Available data:
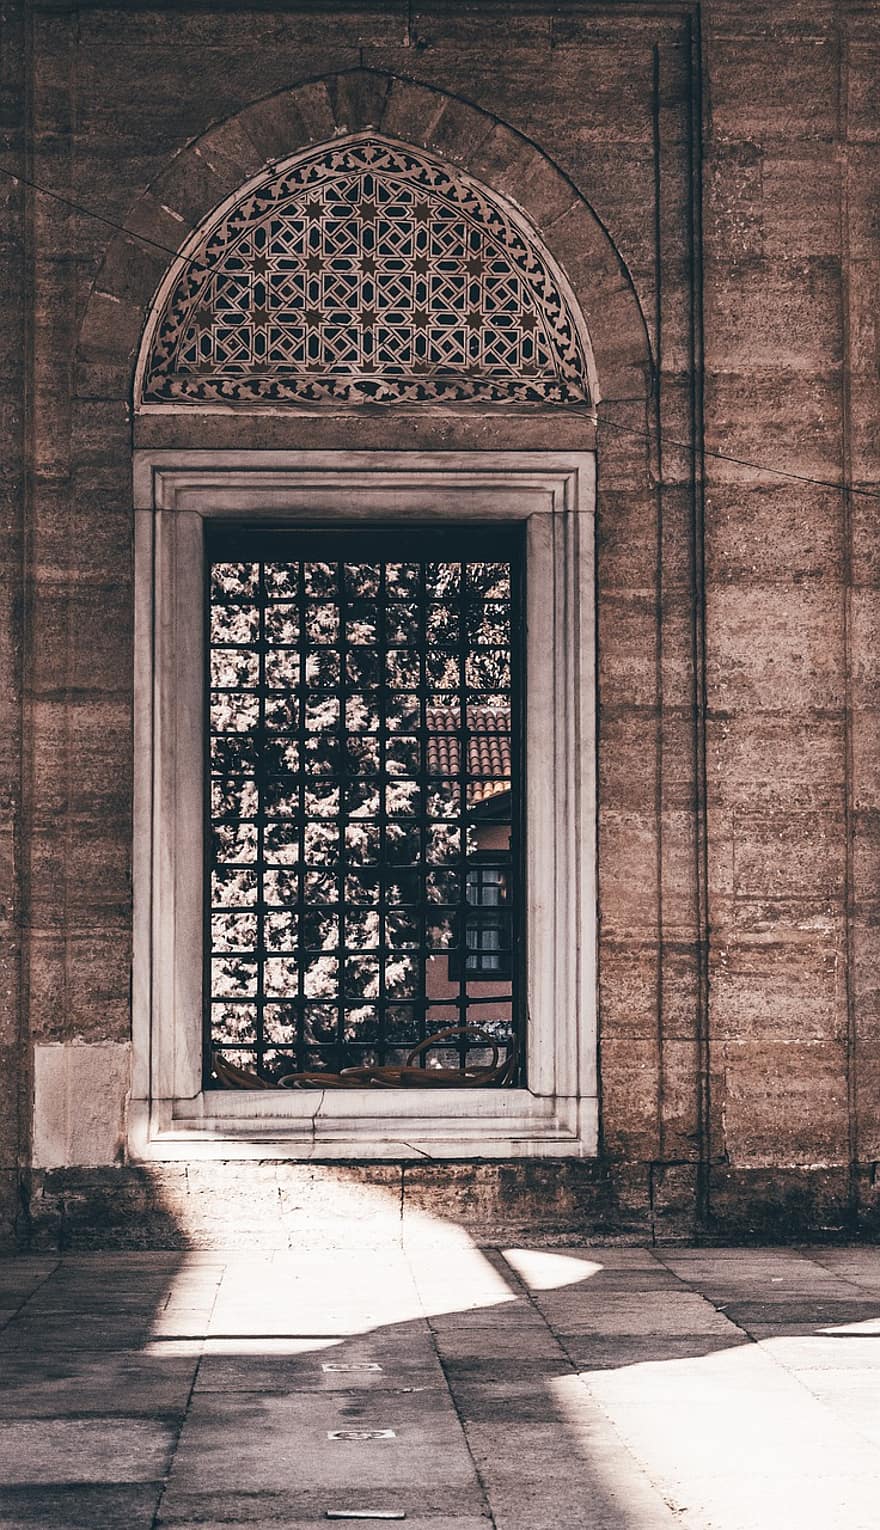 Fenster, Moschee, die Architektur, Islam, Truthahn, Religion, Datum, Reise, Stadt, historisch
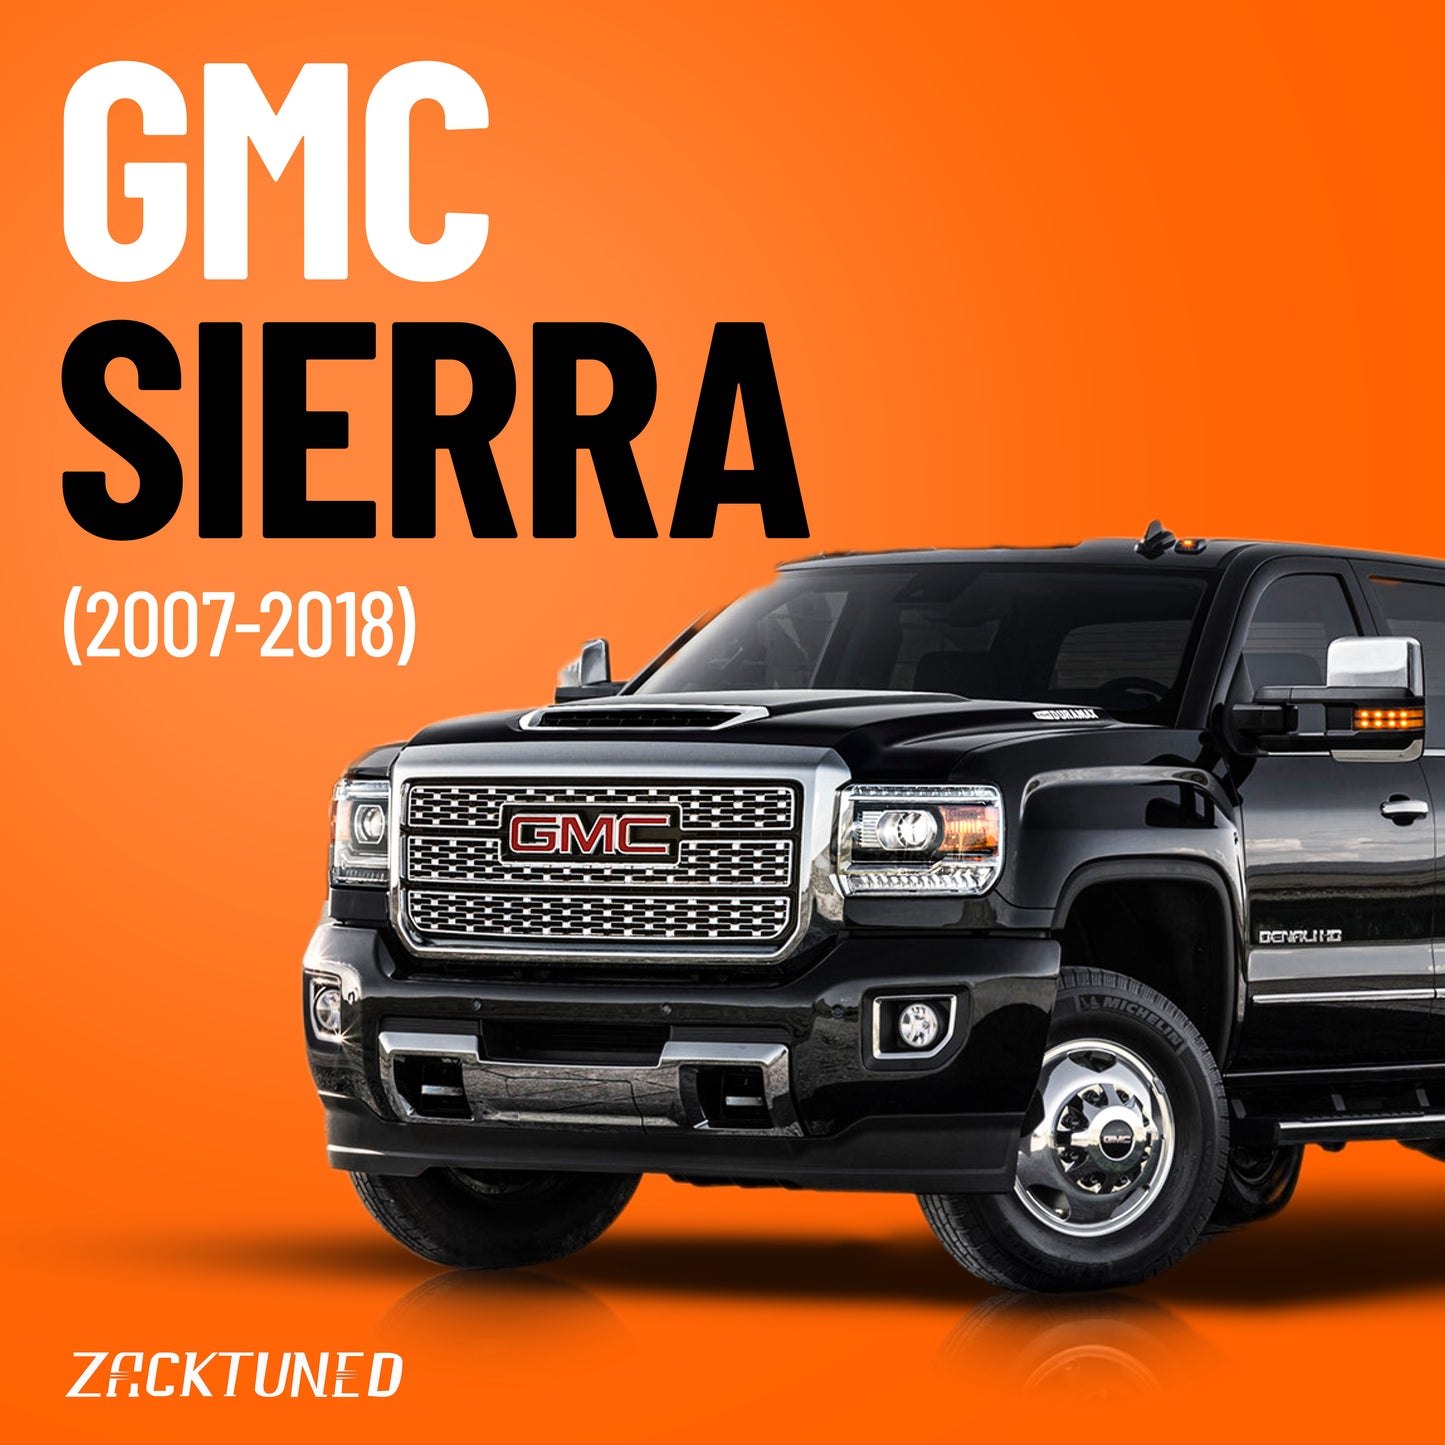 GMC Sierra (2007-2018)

* * *

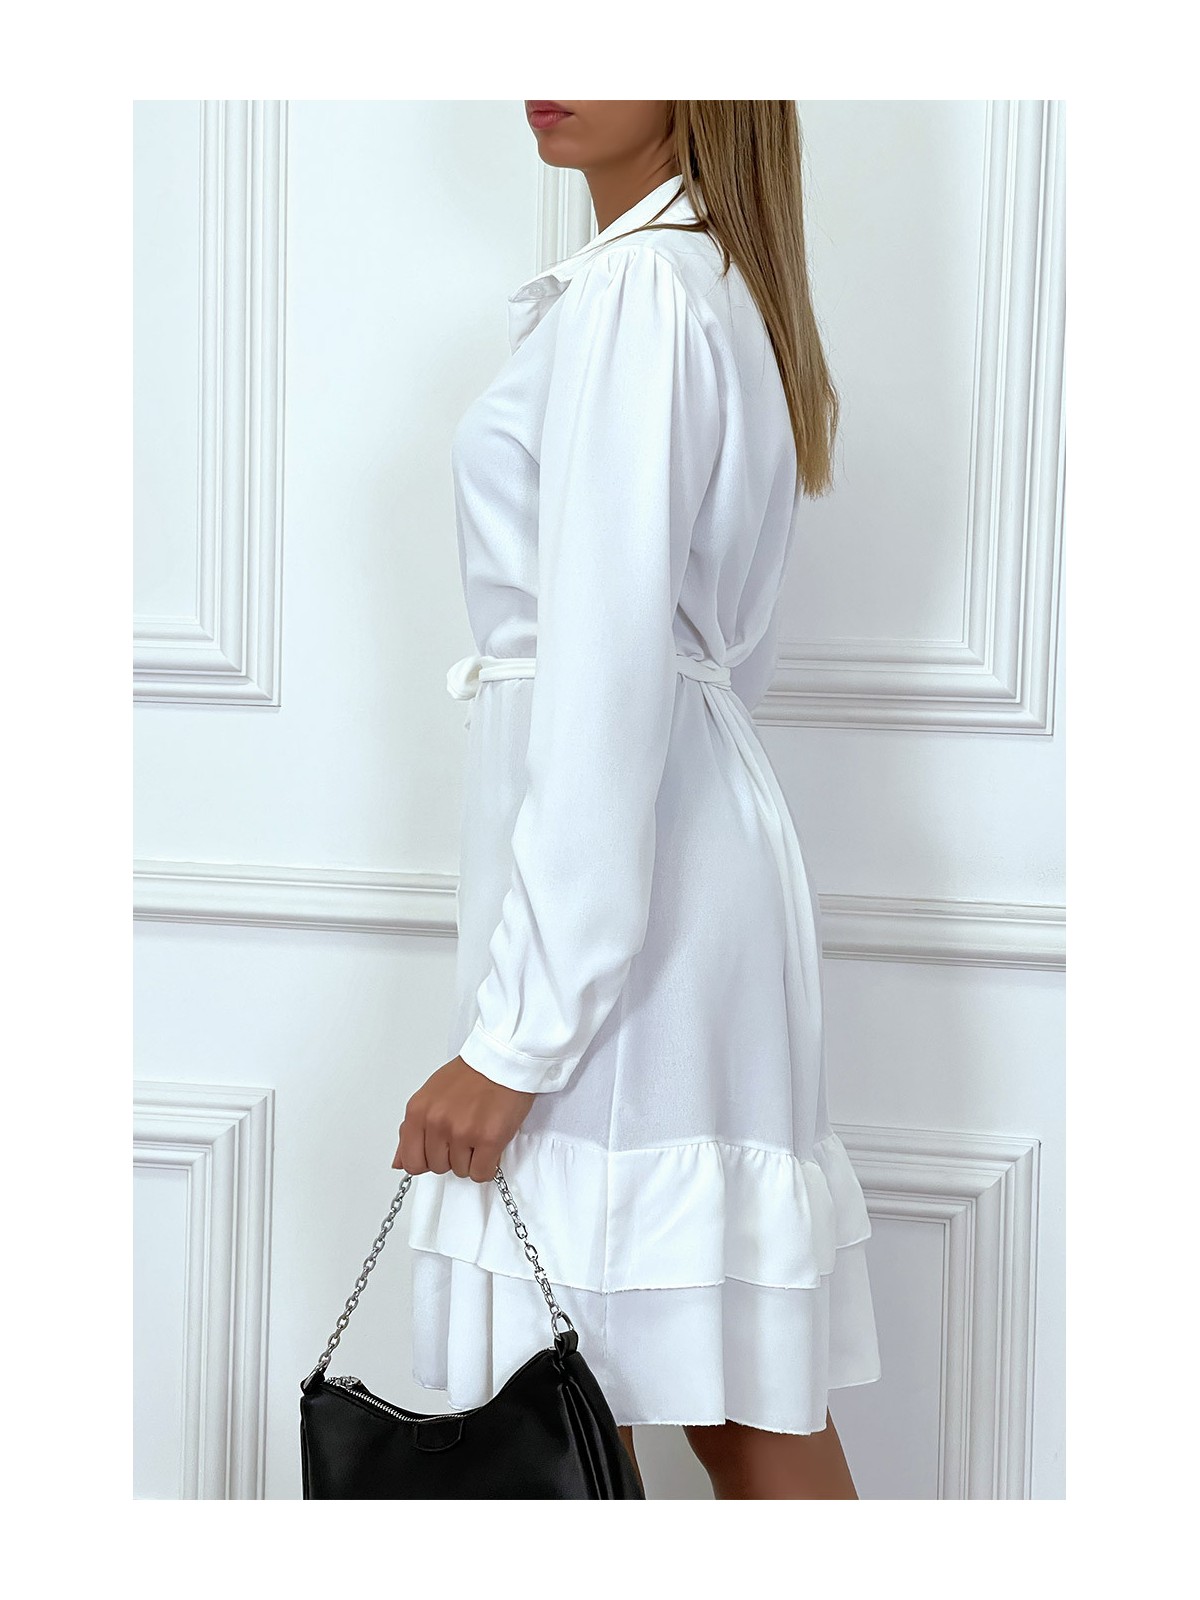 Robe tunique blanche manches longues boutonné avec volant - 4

Task objective: Starting at the line containing "Fenster, Moschee, die" and finishing at the line containing "GMC Sierra (2007-2018)", return those lines exactly as they appear above, without the pictures.

The answer:
 Fenster, Moschee, die Architektur, Islam, Truthahn, Religion, Datum, Reise, Stadt, historisch
 GMC Sierra (2007-2018)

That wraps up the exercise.